Data Model¶

Electoral Periods¶

The Czech Chamber of Deputies operates in electoral periods. Each period has a number, a year identifier (used in psp.cz ZIP filenames), and an organ ID (used in the database).

Period	Years	Label	ZIP Year	Organ ID
10	2025–present	Current	2025	174
9	2021–2025		2021	173
8	2017–2021		2017	172
7	2013–2017		2013	171
6	2010–2013		2010	170
5	2006–2010		2006	169
4	2002–2006		2002	168
3	1998–2002		1998	167
2	1996–1998		1996	166
1	1993–1996		1993	165

The organ ID mapping is critical — id_obdobi in the poslanec table uses organ IDs (165–174), not period numbers (1–10).

UNL File Format¶

psp.cz distributes data as UNL files inside ZIP archives:

Encoding: Windows-1250 (Czech)
Delimiter: pipe |
Headers: none — column order defined in models/schemas.py
Trailing pipe: every line ends with |, producing an extra empty column (dropped during parsing)
Quoting: some files contain unescaped double-quotes — parsed with quote_char=None

Data Sources (ZIP Archives)¶

Archive	URL Pattern	Contents
`hl-{year}ps.zip`	`/opendata/hl-{year}ps.zip`	Voting data for one period
`poslanci.zip`	`/opendata/poslanci.zip`	MPs, persons, organs, memberships
`schuze.zip`	`/opendata/schuze.zip`	Sessions and agenda items
`tisky.zip`	`/opendata/tisky.zip`	Parliamentary prints (bills)
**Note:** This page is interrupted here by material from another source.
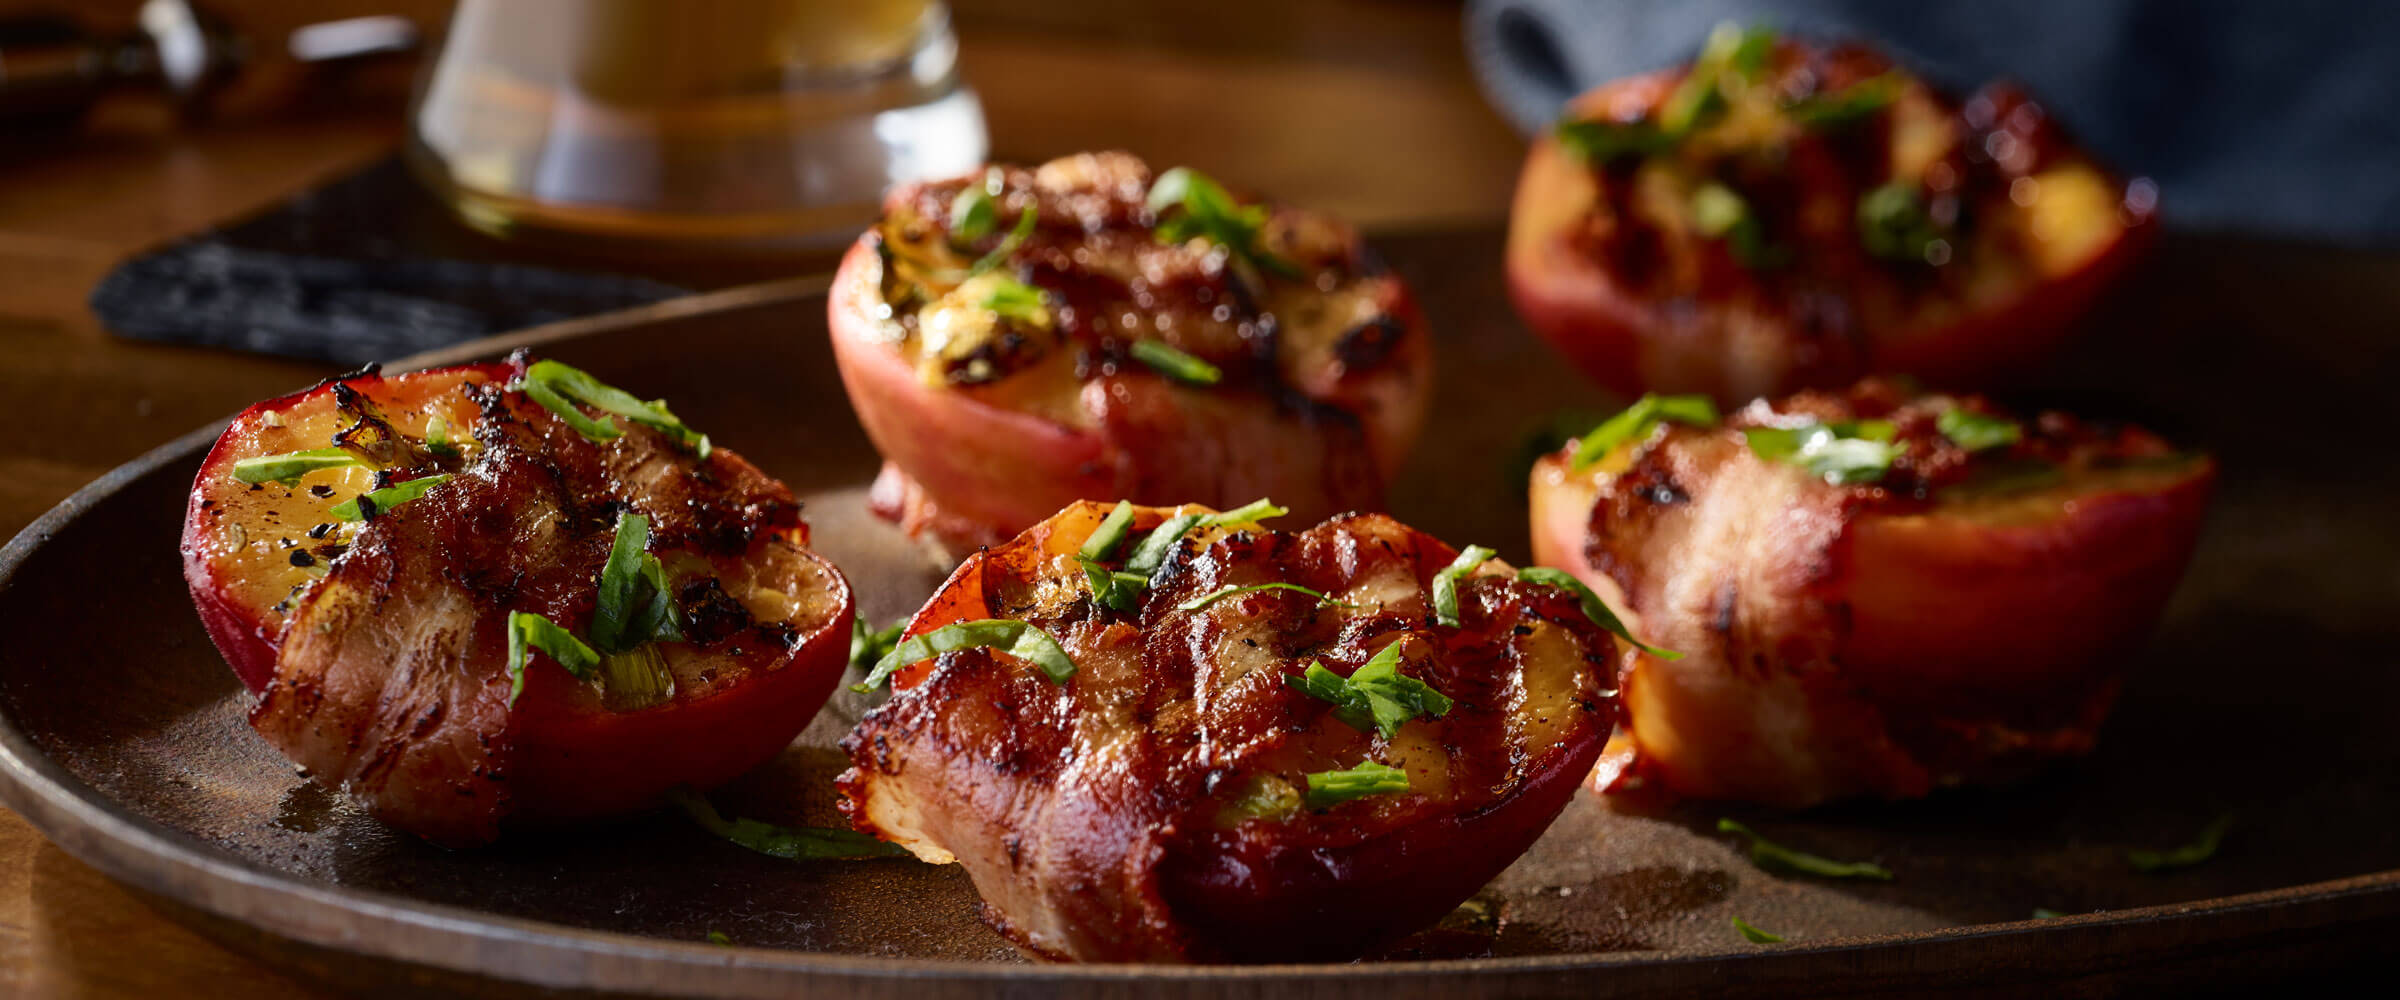 Bacon Wrapped Peaches topped with garnish on brown plate

Base URL: https://www.psp.cz/eknih/cdrom/opendata

Key Tables¶

Voting Data (per-period)¶

hl_hlasovani — vote summaries (hl{year}s.unl):

Column	Type	Description
`id_hlasovani`	Int64	Unique vote ID
`id_organ`	Int32	Organ (chamber) ID
`schuze`	Int32	Session number
`cislo`	Int32	Vote number within session
`bod`	Int32	Agenda item number
`datum`	Utf8	Date (string)
`cas`	Utf8	Time (string)
`pro` / `proti` / `zdrzel` / `nehlasoval`	Int32	Vote counts
`prihlaseno`	Int32	MPs registered
`kvorum`	Int32	Quorum required
`vysledek`	Utf8	Outcome code (see below)
`nazev_dlouhy` / `nazev_kratky`	Utf8	Vote description (long/short)

hl_poslanec — individual MP votes (hl{year}hN.unl, multiple files per period):

Column	Type	Description
`id_poslanec`	Int64	MP identifier
`id_hlasovani`	Int64	Vote ID (FK to hl_hlasovani)
`vysledek`	Utf8	Vote result code (see below)

zmatecne — void vote IDs (hl{year}z.unl):

Column	Type	Description
`id_hlasovani`	Int64	ID of a void vote

Shared Tables¶

osoby — persons: id_osoba, pred (title before), prijmeni (surname), jmeno (first name), za (title after), narozeni, pohlavi, zmena, umrti

poslanec — MP records: id_poslanec, id_osoba (FK), id_kraj, id_kandidatka, id_obdobi (organ ID, not period number), web, contact fields, foto, facebook

organy — organs/organizations: id_organ, organ_id_organ (parent), id_typ_organu (1 = parliamentary club), zkratka (abbreviation), nazev_organu_cz/en, date range, priorita

zarazeni — memberships: id_osoba (FK), id_of (organ FK), cl_funkce, od_o/do_o (membership dates), od_f/do_f (function dates)

schuze — sessions: id_schuze, id_org, schuze (session number), od_schuze/do_schuze, aktualizace

bod_schuze — agenda items: id_bod, id_schuze (FK), id_tisk (FK to tisky), bod (item number), uplny_naz (full name)

tisky — parliamentary prints: id_tisk, ct (print number), nazev_tisku, datum_doruceni, id_obdobi, and more

Tisk Enrichment Data¶

Data produced by the background tisk pipeline, stored in the cache directory.

TiskInfo Model¶

The TiskInfo dataclass (models/tisk_models.py) holds enriched data for each parliamentary print:

Field	Type	Description
`ct`	int	Print number
`nazev`	str	Print name
`url`	str	psp.cz URL
`topics`	list[str]	Topic labels (from LLM or keyword classification)
`topics_en`	list[str]	English topic labels (from LLM or keyword classification)
`summary`	str	Czech AI summary
`summary_en`	str	English AI summary
`has_text`	bool	Whether extracted PDF text exists
`sub_versions`	list[dict]	Sub-tisk versions with diff summaries
`law_changes`	list[str]	Laws changed by this print
`history`	TiskHistory	Legislative process timeline

PDF Text Cache¶

Extracted plain text from parliamentary print PDFs:

~/.cache/pspcz-analyzer/psp/tisky_text/{period}/{ct}.txt

Topic Classifications¶

Per-period topic classification stored as Parquet files:

~/.cache/pspcz-analyzer/psp/tisky_meta/{period}/topic_classifications.parquet

Columns: ct (print number), topic (serialized Czech topic labels), topic_en (serialized English topic labels), summary (Czech), summary_en (English), source (classification method).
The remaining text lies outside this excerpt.